The Tim Abdullah Khan (Abdullaxon timi) is one of the domed bazaars in the Bukhara Khanate. It was built by the Bukhara Khan Shaybanid Abdullah Khan II in 1577. It is currently included in the UNESCO World Heritage List.

The tim is located in the southwest of the ensemble Abdulaziz Khan and Ulugbek madrasas. It was a center of Central Asia’s famed silk trade through the centuries, and is the sole survivor of erstwhile Bukhara's six covered markets. The tim is built in the Persian style, resembling the traditional market of ancient Iranian cities.

==History==
Tim Abdullah Khan was one of the largest closed trade centers. Tim Abdullah Khan was also known as Timi Kalon or Great Tim. This tim was built in 1577 by the Shaybanid ruler of the Bukhara Khanate, Abdullah Khan II, for the purpose of selling fabrics. The tim was located on the main trade street and consisted of six arched gates. It was a building with eight domed rooms, where trade shops were located. Fabrics were sold at Tim Abdullah Khan for centuries. In the early 20th century, silk and other types of fabrics were sold at the tim. The fabrics were stored in special chests. In front of the tim, there was a Choxarsoyi Darun or Inner shop, which was built in the late 16th century and had about 30 shops for selling various goods. There were also four carpet and four cloth shops. Foreign merchants also traded at this closed bazaar. According to Galina Pugachenkova, the arched niches of the tim formed 56 shops. The light came from the windows above the dome. The central hall of Tim Abdullah Khan was surrounded by small domes. There was a Silk market at this tim. Tim Abdullah Khan is considered one of the architectural objects with many domes and arches. Currently, Tim Abdullah Khan has carpet shops and trade stalls.

==Architecture==
The largest closed trade center in Bukhara. Built during the reign of Abdullah Khan (1577). Tim Abdullah Khan has a square plan (39 x 42 meters), 3 sides are closed, and the entrance is through a large arched portal. There are arched niches on both sides of the walls. A high-domed octagonal tim stands in the center. The central pavilion (diameter - 10 meters) is covered with a high dome. The light comes from the arched openings under the dome. The pavilion is surrounded by a gallery. There are domed shops in the small arches of the gallery.
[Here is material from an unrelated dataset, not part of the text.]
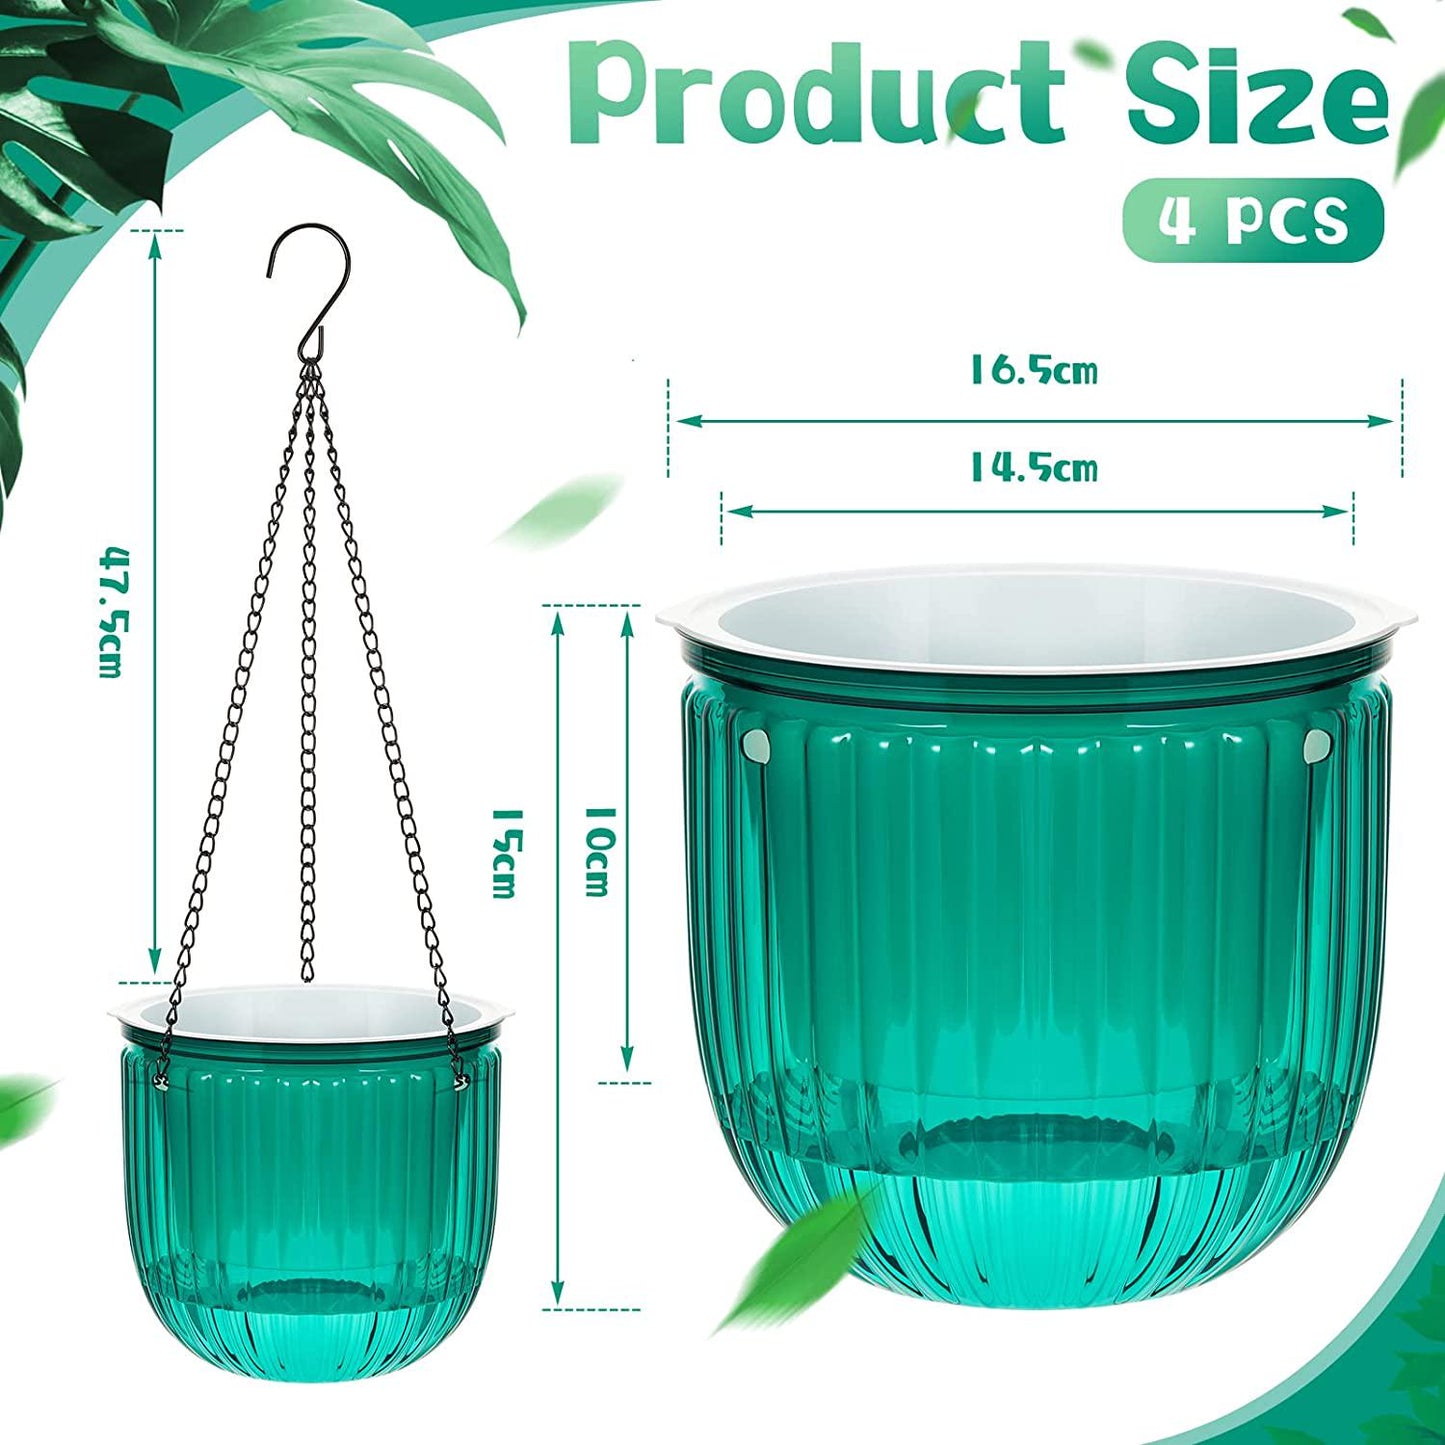 Meanplan 4 Pcs Self Watering Hanging Planter Indoor 6.5 Inch Hanging Baskets for Plants Outdoor Plastic Hanging Flower Pot with 3 Hooks Chains Drainage Holes for Garden Home, Medium Size (Emerald)

The building is made of baked bricks (22 x 27 x 3.5 centimeters), the walls are plastered, the patterns and ornaments are almost lost. In the past, silk, woolen fabrics were traded here. Tim Abdullah Khan is the largest and most complex in shape and composition of the trade centers, "chor-su-tok" buildings in Bukhara. It has been repaired several times, and trade shops are located there.

==See also==
- Toqi Sarrofon

==Bibliography==
- Rajabov, Q. (2016). "Buxoro tarixi"
- Pugachenkova, G. (1979). "Tim va toqlar. (ingliz, rus va o'zbek tillarida)"
- Azizxo'jayev, A. (1997). "Buxoro sharq durdonasi"
- OʻzME. Volume 1. Tashkent, 2000.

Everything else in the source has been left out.